C Library Call Interception
When compiling for Host
, LLVM will sometimes insert calls to standard
library functions. This might include calls to memcpy()
when data is copied
between OpenCL address spaces, __chkstk()
on Windows to ensure enough stack
memory has been paged in, or __floatdidf()
on 32-Bit Arm to perform
division in software. In the case of an offline-compiled kernel, calls to these
functions are stored as relocations in the kernel’s ELF file, and the addresses
of the functions in memory are only filled in when the ELF file is loaded to be
executed. A useful side-effect of performing relocations is that it’s possible
to provide non-standard implementations of these functions to aid debugging.
Note
Calls to C library functions are quite rare in UnitCL, and their presence is fragile. It is difficult to predict whether a given LLVM option or pass will generate or remove a call to a library function. Intercepting C library calls is therefore only useful for debugging a small subset of bugs, but for those bugs it is invaluable.
The addresses of library functions are stored in relocs
in
modules/mux/targets/host/source/executable.cpp
. In Debug builds, calls to
memcpy()
and memset()
are intercepted by default and directed to
dbg_memcpy()
and dbg_memset()
. The debug versions of these functions
perform rudimentary out-of-bounds access checks.
Note
As of this writing (2020-03-31), no UnitCL kernel calls memset()
.
Tutorial: Inspecting a memcpy()
Call
memcpy()
calls normally end up calling an optimized, vectorized
implementation in libc. Even if you do manage to find debug symbols for it,
good luck figuring out what’s going on. In the oneAPI Construction Kit Debu
builds, offline-compiled kernels will call into dbg_memcpy()
instead.
dbg_memcpy()
can be inspected with GDB. For example:
gdb --args ./bin/UnitCL --gtest_filter=OfflineExecution*Regression_90*
(gdb) b dbg_memcpy
run
How to: Intercept a Function
The replacement standard library functions are in an anonymous namespace in
modules/mux/targets/host/source/executable.cpp
. Simply add the new function
to this namespace, and then add the function’s name and address to
relocs
.
Note
It is only possible to intercept functions that are called by offline
kernels. If an offline kernel calls a function for which a relocation does
not exist, then the kernel will seg fault. Consequently, if an offline kernel
can run, then all the library functions it needs are already in
relocs
, and those are the only functions that can be intercepted.
Warning
The compiler does not check that the intercepting function has the same signature as the function it’s replacing. Make sure that the signatures match.
Explanation
Offline-compiled kernel binaries contain relocations at function call sites.

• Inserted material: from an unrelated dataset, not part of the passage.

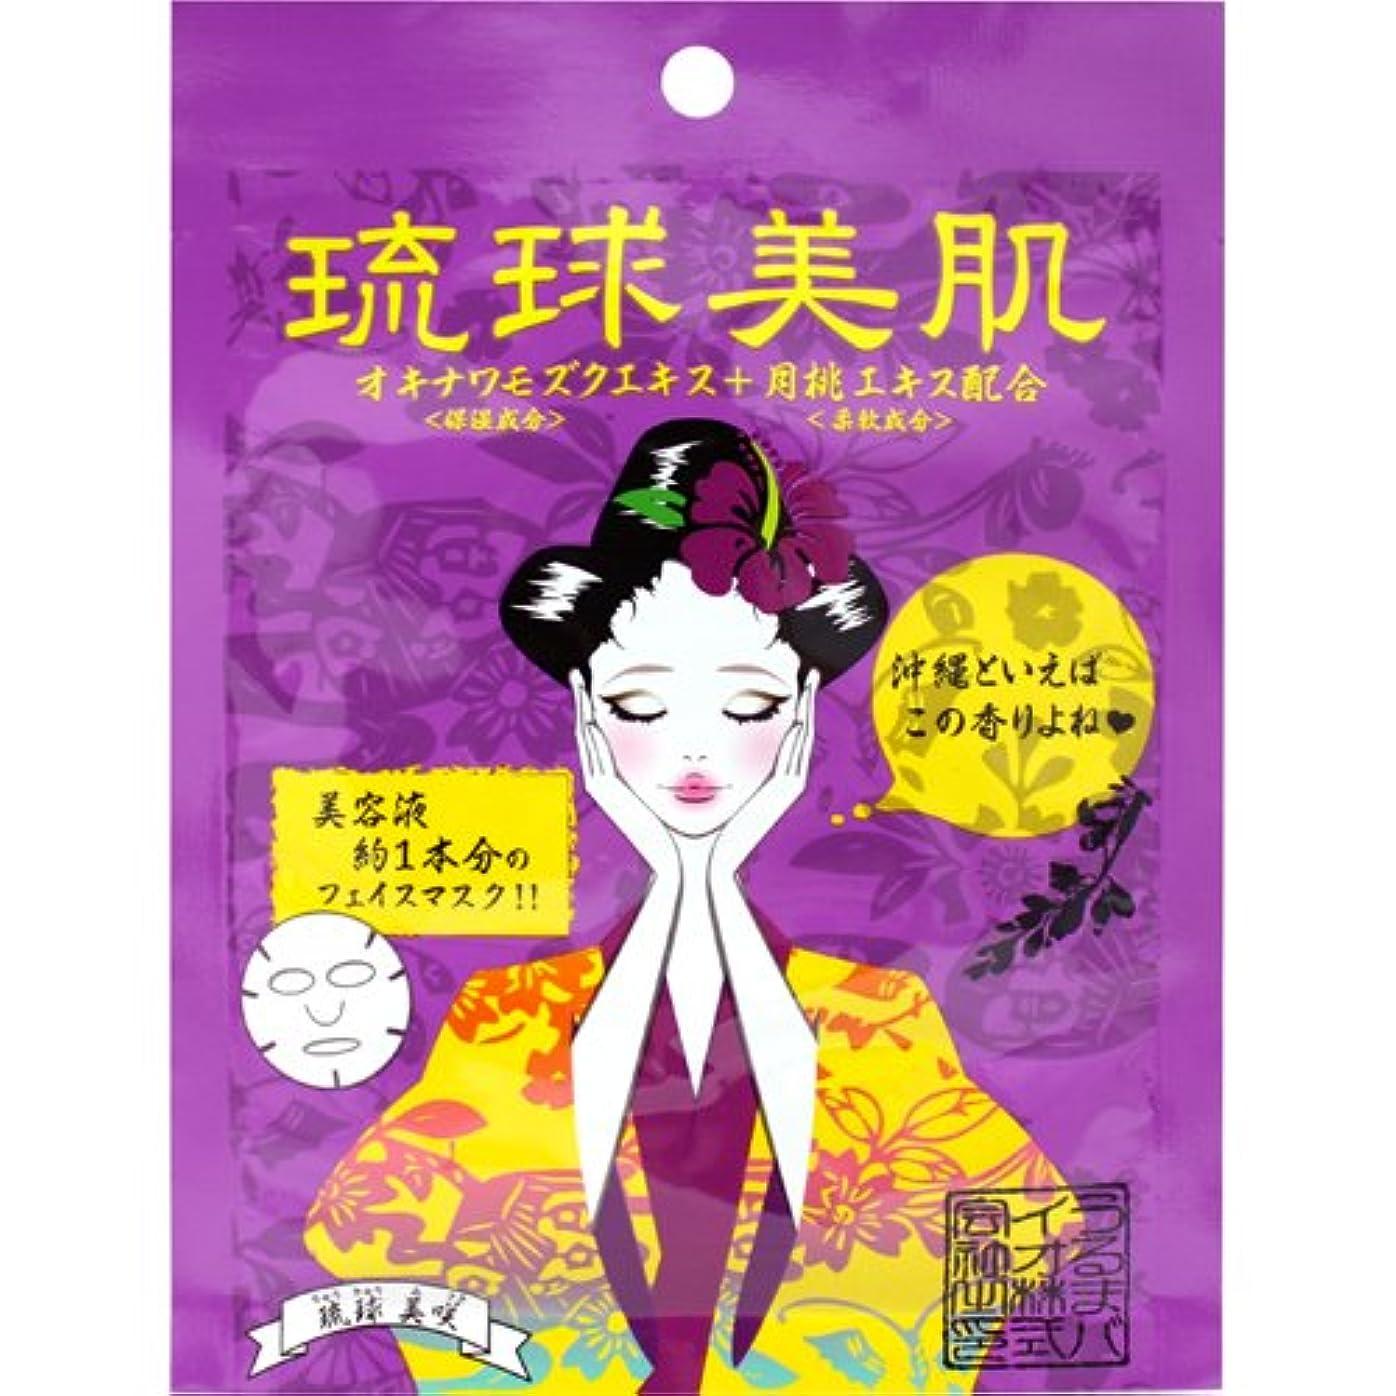 北米ブランド陸軍琉球美肌フェイスマスクシート 紫(月桃の香り)
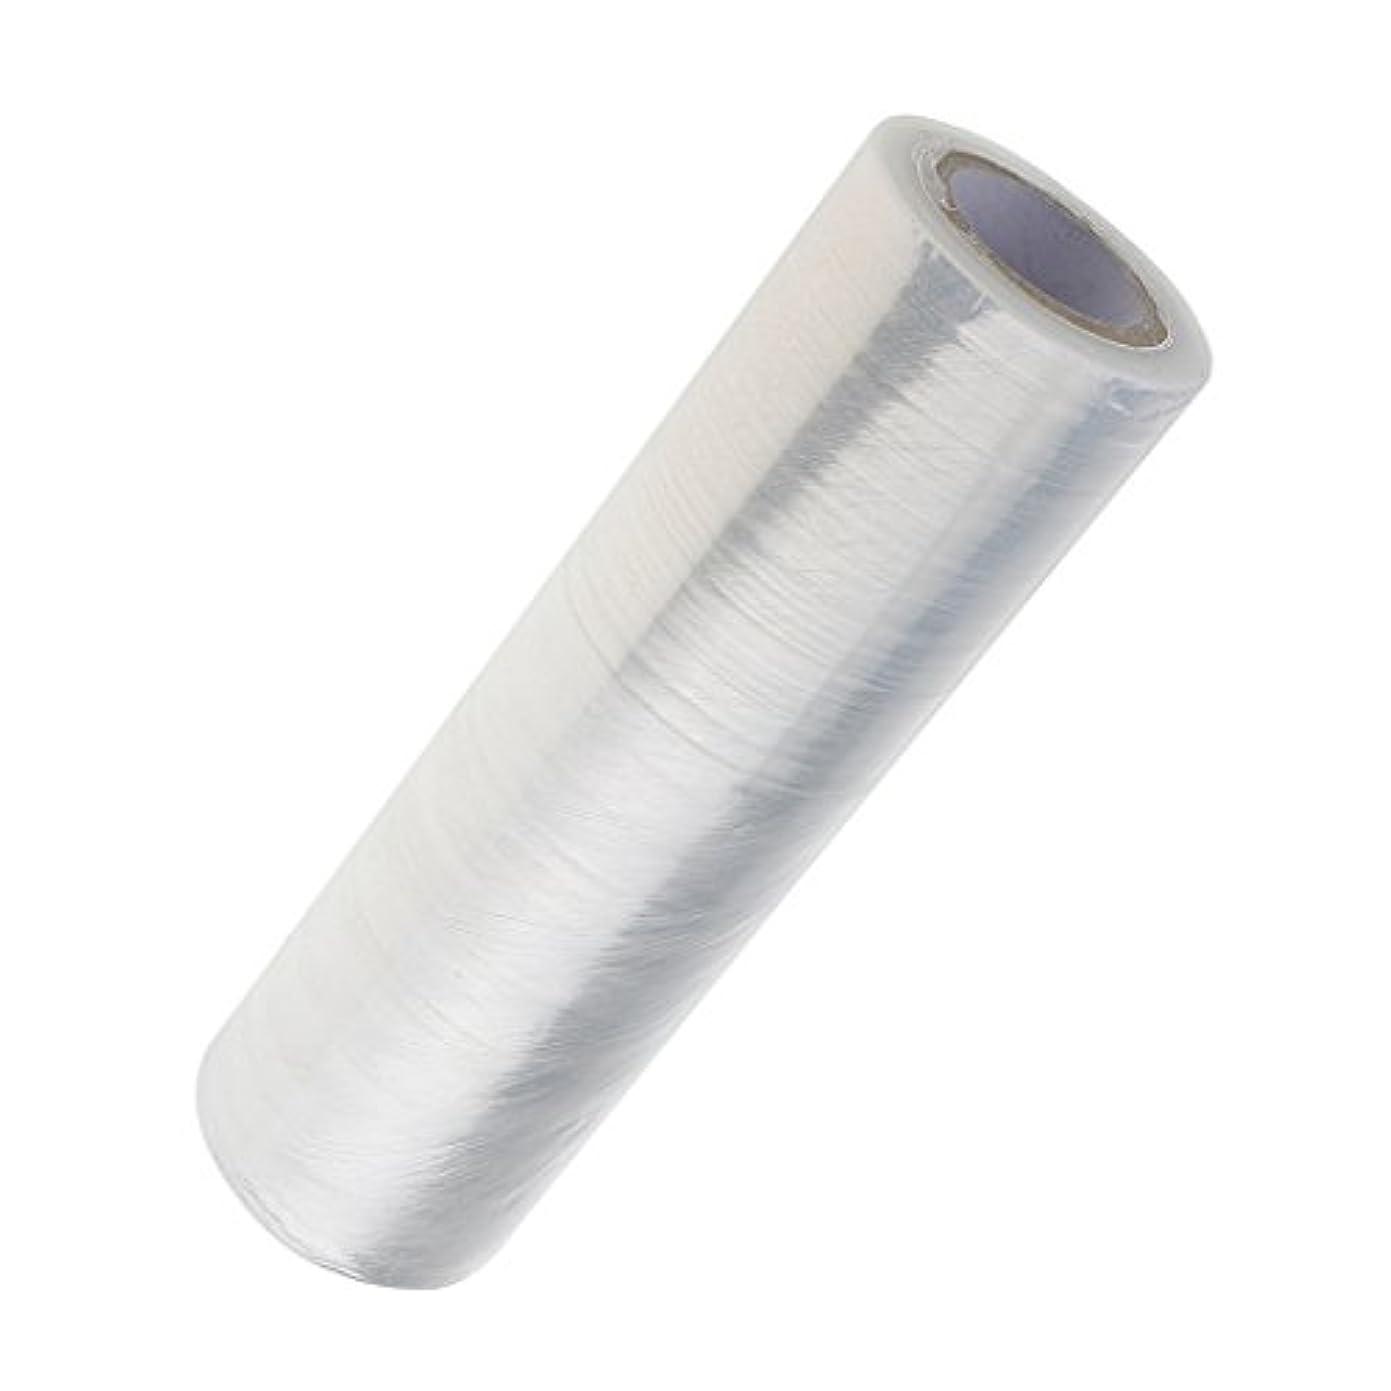 ソーダ水絞る反対に1ロール ボディラップ 美容用ラップ 髪用ラップ プラスチック クリア

A relocation is just a relative or absolute hardware jump instruction with a
blank target address. When the oneAPI Construction Kit loads the binary, it
writes the address of the function into the jump instruction (after possibly
doing some math onthe address). This is why relocs
stores function
addresses as uint64_t
types — the bytes of the address may just be written
directly into a binary executable.
Warning
Since library function call interception happens on the binary level of a compiled kernel, all of the normal protections offered by compilers are gone. There is no function prototype checking. The compiler is not able to check that the target address you have provided is even a valid function entry point. If somehow the OpenCL kernel and the oneAPI Construction Kit use a different calling convention, then you’re on your own.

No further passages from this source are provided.